The 2009–10 season saw Swindon Town FC, managed by Danny Wilson, finish in fifth place and reach the League one play-off final where they were ultimately beaten by Millwall FC.

Pre-season

For the third consecutive year, Swindon Town ventured to Austria for pre-season training. This was manager Danny Wilson's first summer as Swindon manager as he took over in late December 2008, replacing Maurice Malpas.

15 players from the previous season, including influential forward Simon Cox, had either been released by Wilson or in the case of Cox sold. Trialist Cherno Samba joined Town during the trip.

The rest of the summer consisted of Town playing against familiar opposition such as Wiltshire outfits Chippenham Town and Swindon Supermarine. Championship club Cardiff City, West Bromwich Albion and Plymouth Argyle were named as Town's home opposition.

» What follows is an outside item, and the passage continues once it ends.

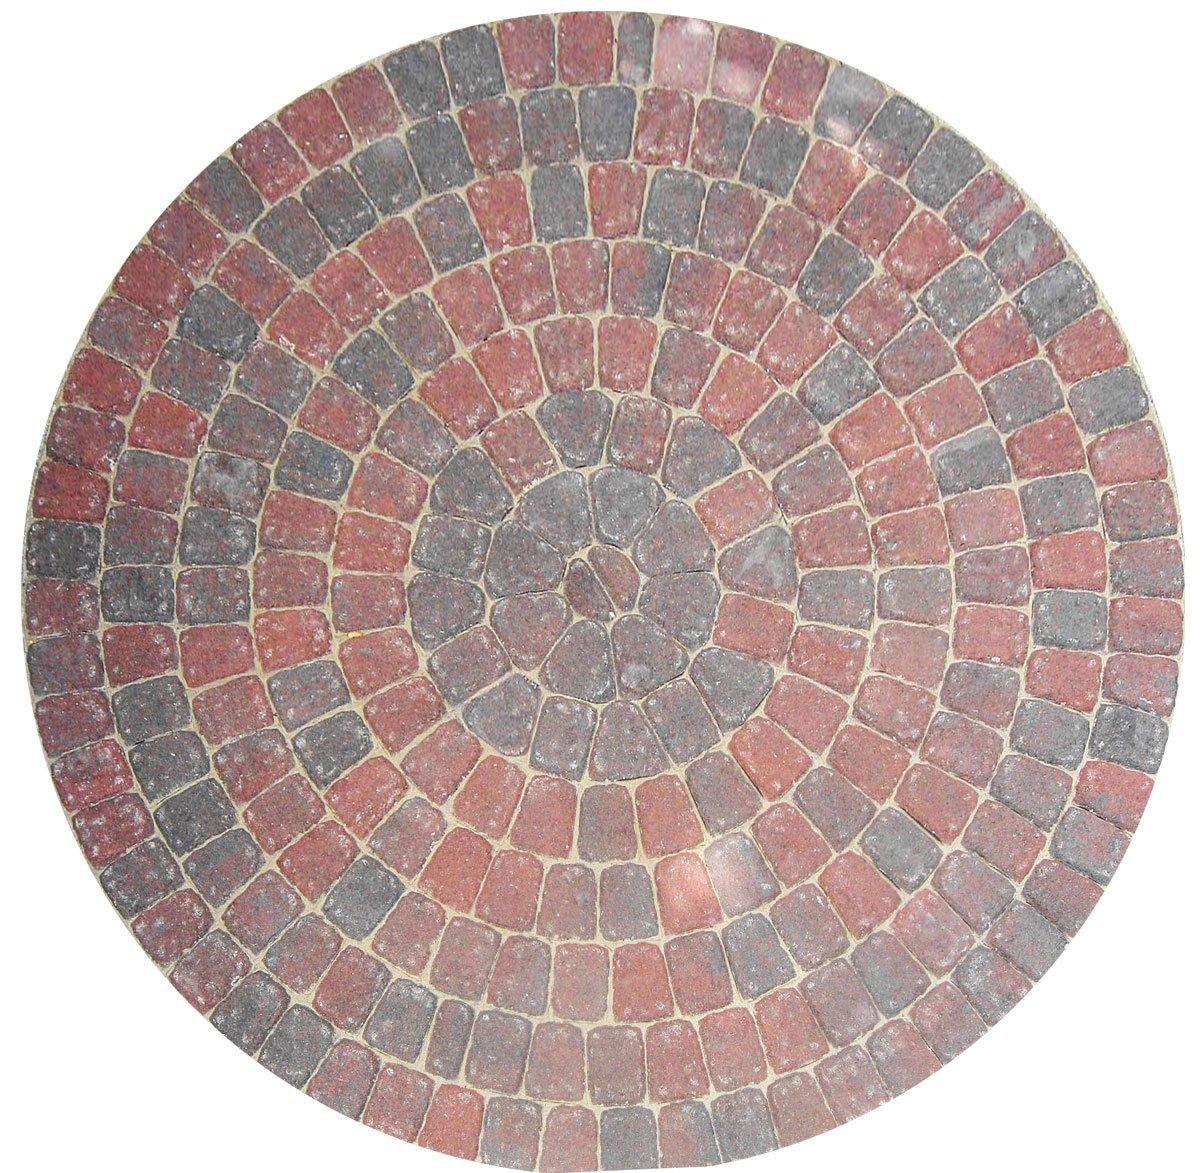 Century Series Cobble Circle Kit  Romanstone Hardscapes

Trial players who featured for Swindon Town during Pre-Season

 Cherno Samba: Once a highly rated forward, Samba joined Town for the Pre-Season work out in Austria. He failed to score in four fixtures.
 Anton Ademol: An unknown midfielder played against Hungerford Town and Chippenham Town. He failed to earn a deal.
 Stephen Morrison: Former Everton youth midfielder played against Hungerford Town and scored. Danny Wilson gave him a second chance at Chippenham Town but failed to earn a contract.
 Scott Spencer: Former Everton forward who scored against Hungerford Town. He failed to earn a contract at Swindon but later joined Southend United where he scored a late goal against Swindon during the season.
 Berlin Ndebe-Nlome: The former Cameroon youth forward played in the high profile friendlies against Cardiff City and West Bromwich Albion but failed to impress.
 Yan Klukowski: A Wiltshire native who forged a decent reputation with the American College leagues. He finished the Pre-Season as Town's top scorer with 3 goals in 3 games for Swindon. Despite impressing, he failed to win a contract.
 Bradley Clark: The Hungerford Town forward impressed the Town coaches and was offered a trial.
 Panikos Efythmides: Greek midfielder who played the final two Town friendlies.
 Dean McDonald: Former Ipswich Town forward who played in Town's final friendly of Pre-Season against Cirencester Town. McDonald scored but did not earn a Town deal. He later joined Farnborough.

League One

League One Playoffs

F.A. Cup

After losing the First Round to Non-League Histon last season - Town were once again given the task of meeting Non-League Woking a year on. Despite a less than convincing display, Billy Paynter's first half goal was enough. The Second Round saw Swindon beat Wrexham in Wales a couple of weeks later, Gordon Greer scored the only goal ten minutes time.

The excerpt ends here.